Once enforced, the FTA with South Korea will serve as an important vehicle for enhancing trade flows, and generating more investment and employment opportunities in the process.

Level playing field

The Pilipino Banana Growers and Exporters Association (PBGEA) welcomed the conclusion of the FTA, saying the eventual elimination of tariffs slapped by Seoul on Philippine bananas would level the playing field for the Philippines, which is now in competition with Vietnam and Cambodia.

PBGEA Executive Director Stephen A. Antig said his group is awaiting the full details of the tariff elimination on Philippine bananas, particularly the schedule of commitments, to take the necessary steps that will allow them to take advantage of the FTA’s benefits.

“What our members want to know is when the tariff reduction would start and how big it is going to be every year.
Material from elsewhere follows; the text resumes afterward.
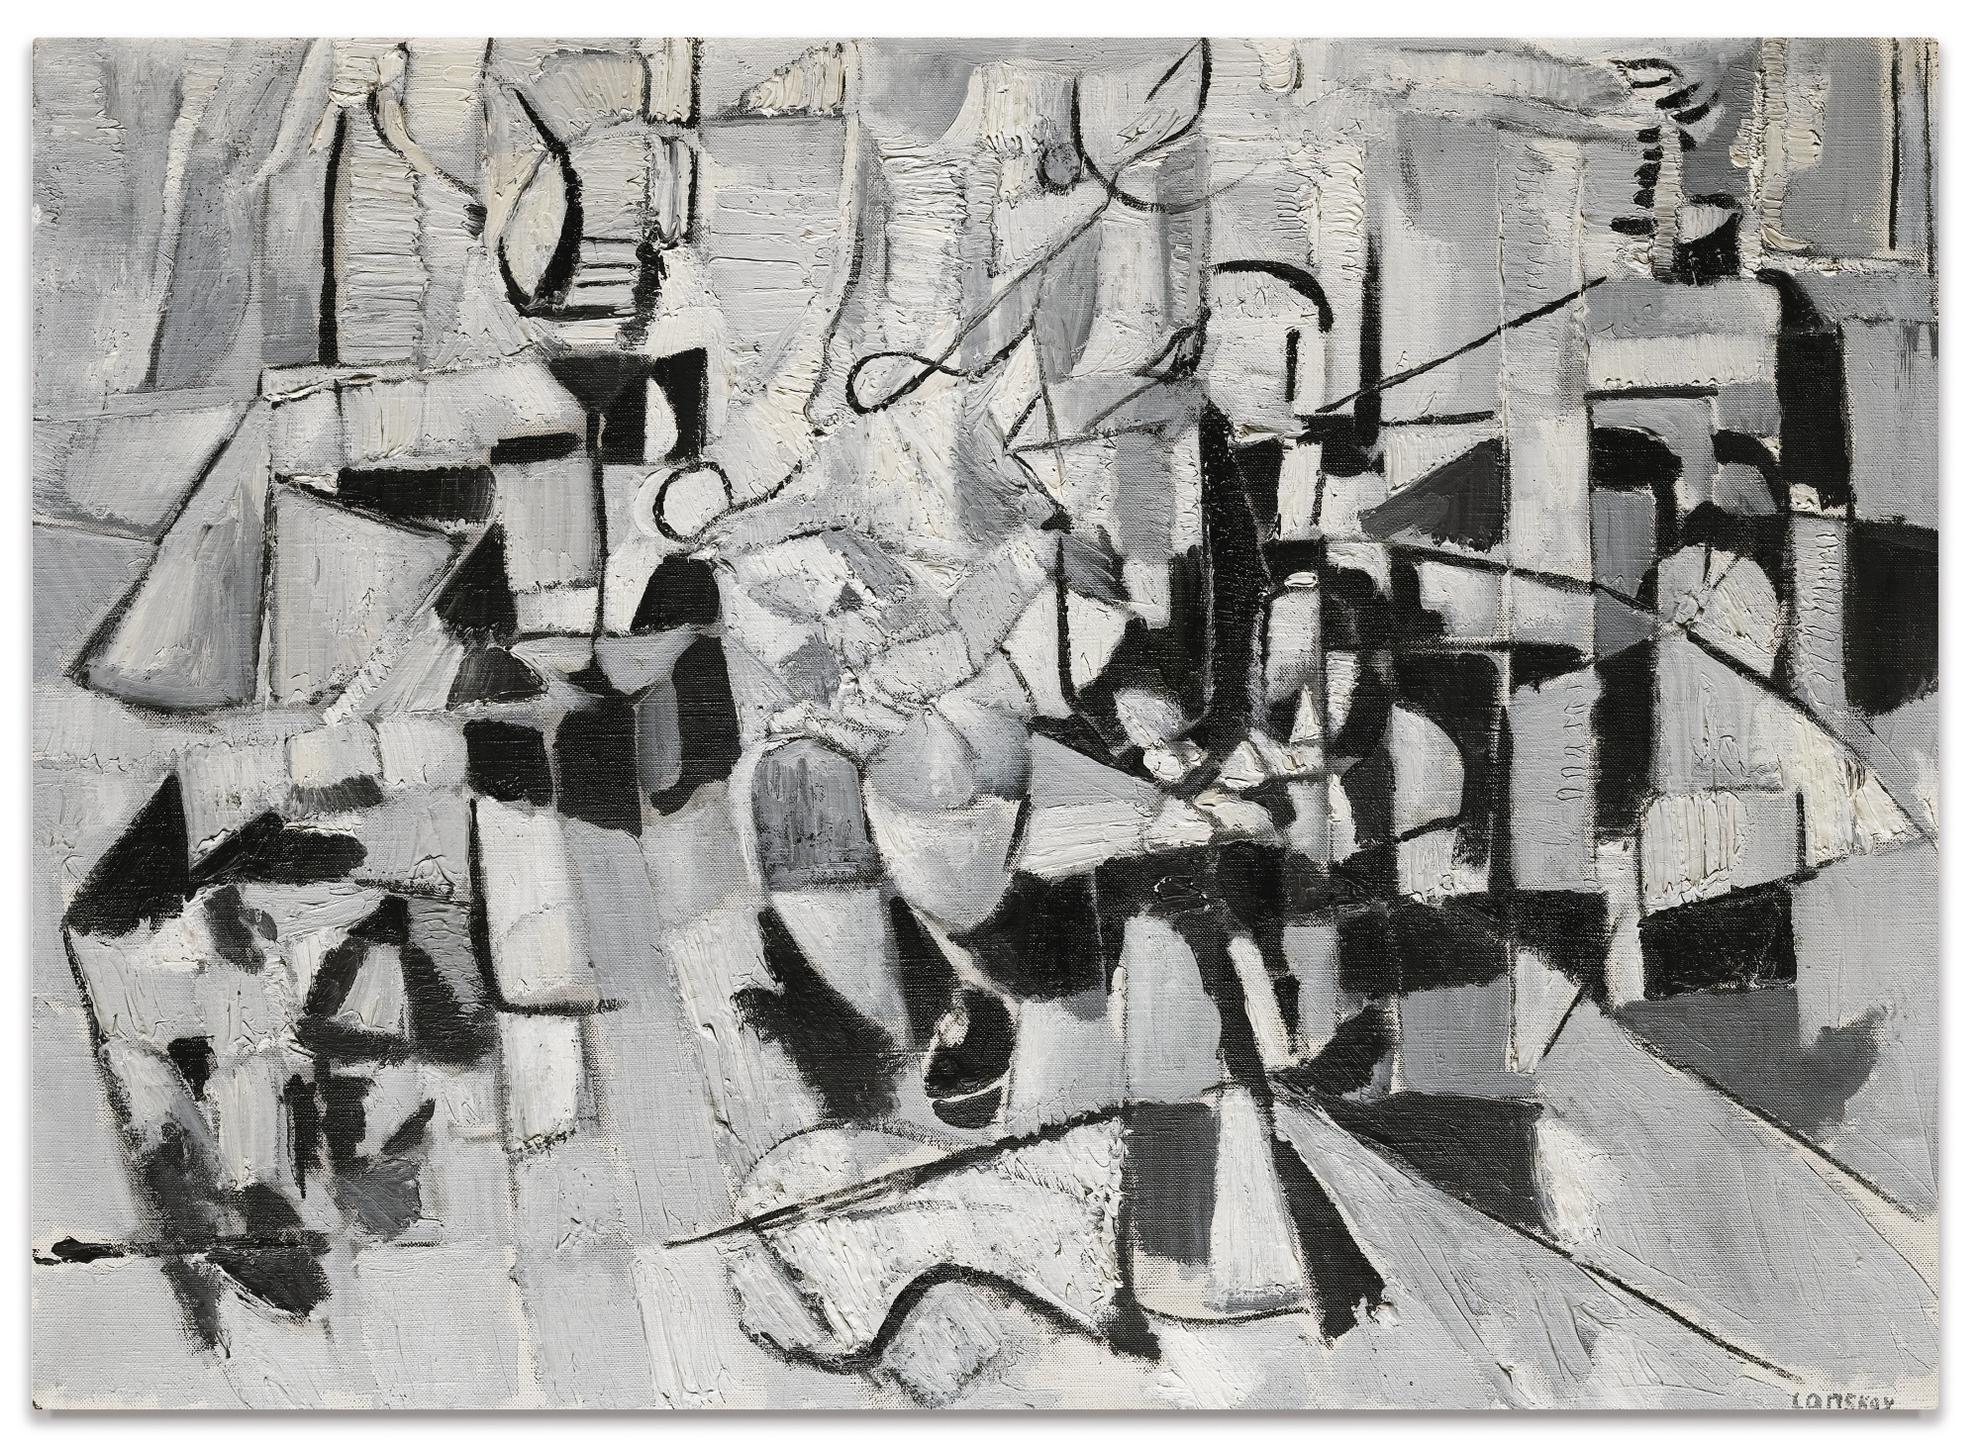 Andre Lanskoy-Habitation Imaginaire-1956

Nonetheless, we thank the DTI, especially Sec. Lopez, Undersecretary [Ceferino] Rodolfo, Assistant Secretary Allan Gepty, for not giving in their pursuit of tariff elimination,” Antig told the BusinessMirror on Tuesday.

“Hopefully, we can achieve the same feat [in our talks] with Japan,” he added.

Antig also gave credit to PBGEA for being steadfast in its efforts to lobby for the reduction or elimination of South Korean tariffs on Philippine bananas, which started during the Arroyo administration.

“The [elimination of tariffs] would definitely improve our market position in South Korea. We just hope that the farmers in South Korea would not lodge a protest against this measure,” Antig said.

“It will give us some breathing room against our competitors in South Korea. However, [the elimination of tariffs] will not totally solve our problems. Generally, the reduction of tariffs will benefit South Korean consumers and indirectly benefit our industry since we will be able to sell more bananas. We must take note that the South Korean market can only absorb so much.”

Antig said price remains as the single biggest factor that would influence South Korea’s buying decisions.

He also noted that Vietnam and Cambodia have been continuously increasing their share in the South Korean banana market.

The country’s banana exports to South Korea in January to August declined by 41.81 percent to 1.586 million metric tons (MMT) from last year’s 2.726 MMT. Value of shipments plunged by 37.7 percent year-on-year to $725.337 million, based on latest government data.